Thursday, December 15, 2011

How Great Our Joy


Sometimes things don't go the way we expect...the way we hope. Yesterday was my fourth, first ultrasound. My other three, first ultrasounds (with Cade, Clementine, and Charleigh) went so well; I didn't expect this ultrasound to be any different. But it was.

I left without full confidence. I left without a picture. 

We don't know anything for sure, yet. We appreciate your prayers as we wait for more information. I'll keep you posted.

In the meantime, I want to share, with praise: I'm in a good place. I mean that in terms of both physical and spiritual location. I don't mean to imply that I don't want to go to bed and sleep through the waiting...or that I haven't done some of that.

But.

Sometimes, in times of trouble, we see clearly how very blessed we are.

I've spent the past 24 hours rounding up the troops. And I have them: troops. They're praying people. They include my immediate family members. When I called my mom, she was working with my brother, and--after she hung up the phone--they prayed for me, together. My brother sent a text message: "I can be there in 8hrs. i will come if u need me."
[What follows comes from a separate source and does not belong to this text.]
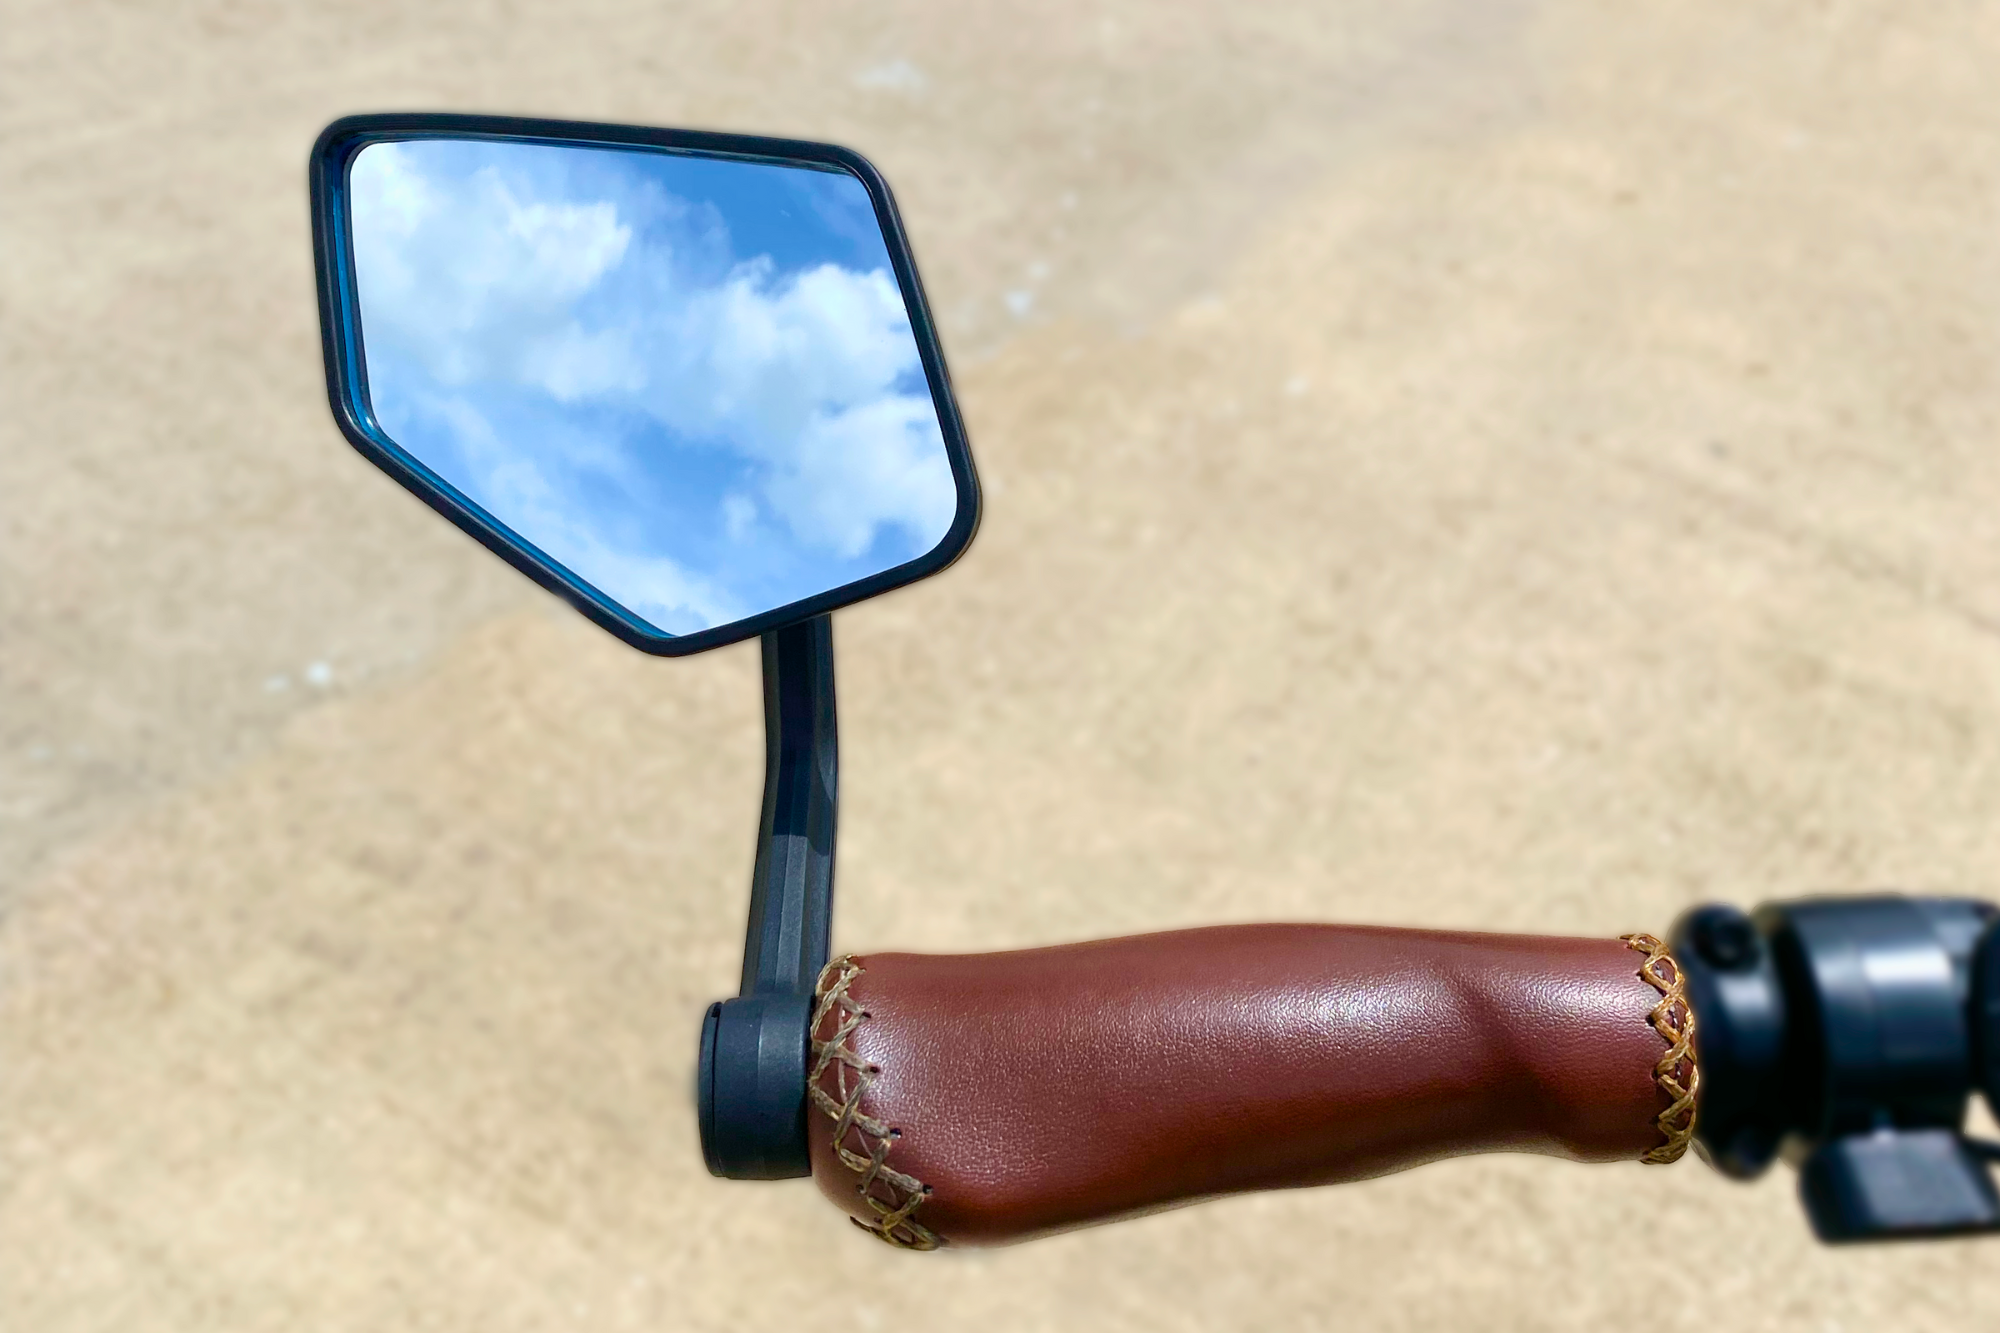 Enjoy a safe ride. This ebike mirror will ensure you can always see what’s going on behind you. With a wider field of view, you’ll be able to drive more comfortably and safely.

My son accompanied me to church, last night; he always does. Just now, I passed through the kitchen and noticed, on the refrigerator, the buildings and stars he sketched during prayer meeting. He wrote, at the top: "Have a good day, Mom."

My husband and I went to bed, last night, and he held me in his arms and prayed, aloud, into my hair.

And all my friends are standing by. Becky prayed with me over the phone. Rachel and Erin called the house, today, to check on me: Erin from a sunny vacation spot. I could go on and on about my people.

But above and beyond and behind all of it...them...is the great eye of the Lord, and it rests on me as surely as the orange-yellow moon hangs untethered in the night sky, above our log cabin.

For the past three weeks, I've prepared and taught Sunday school lessons on "joy." This past Sunday, we focused (in part) on the joy we should feel in knowing: Jesus was born into this terrible place of sin, and suffering, and death to save us. "Behold," the angel of the Lord says to the shepherds, "I bring you good tidings of great joy, which shall be to all people. For unto you is born this day in the city of David a Saviour, which is Christ the Lord" (Luke 2:10-11, KJV).

My class and I looked, too, at the experience of the wise men, who followed a moving star to Bethlehem. When it came to rest above Jesus's exact location, the wise men "rejoiced with exceeding great joy" (Matthew 2:10, KJV)...before they saw Jesus...before they met Him! They had been waiting, traveling! so long to meet the Object of their desire and affection, and they rejoiced in knowing the time was near.

And you know what? The Savior has always been available to me. I've known where to find Him since I was a child. Regardless of situation or season, I can rejoice: I know exactly where He is.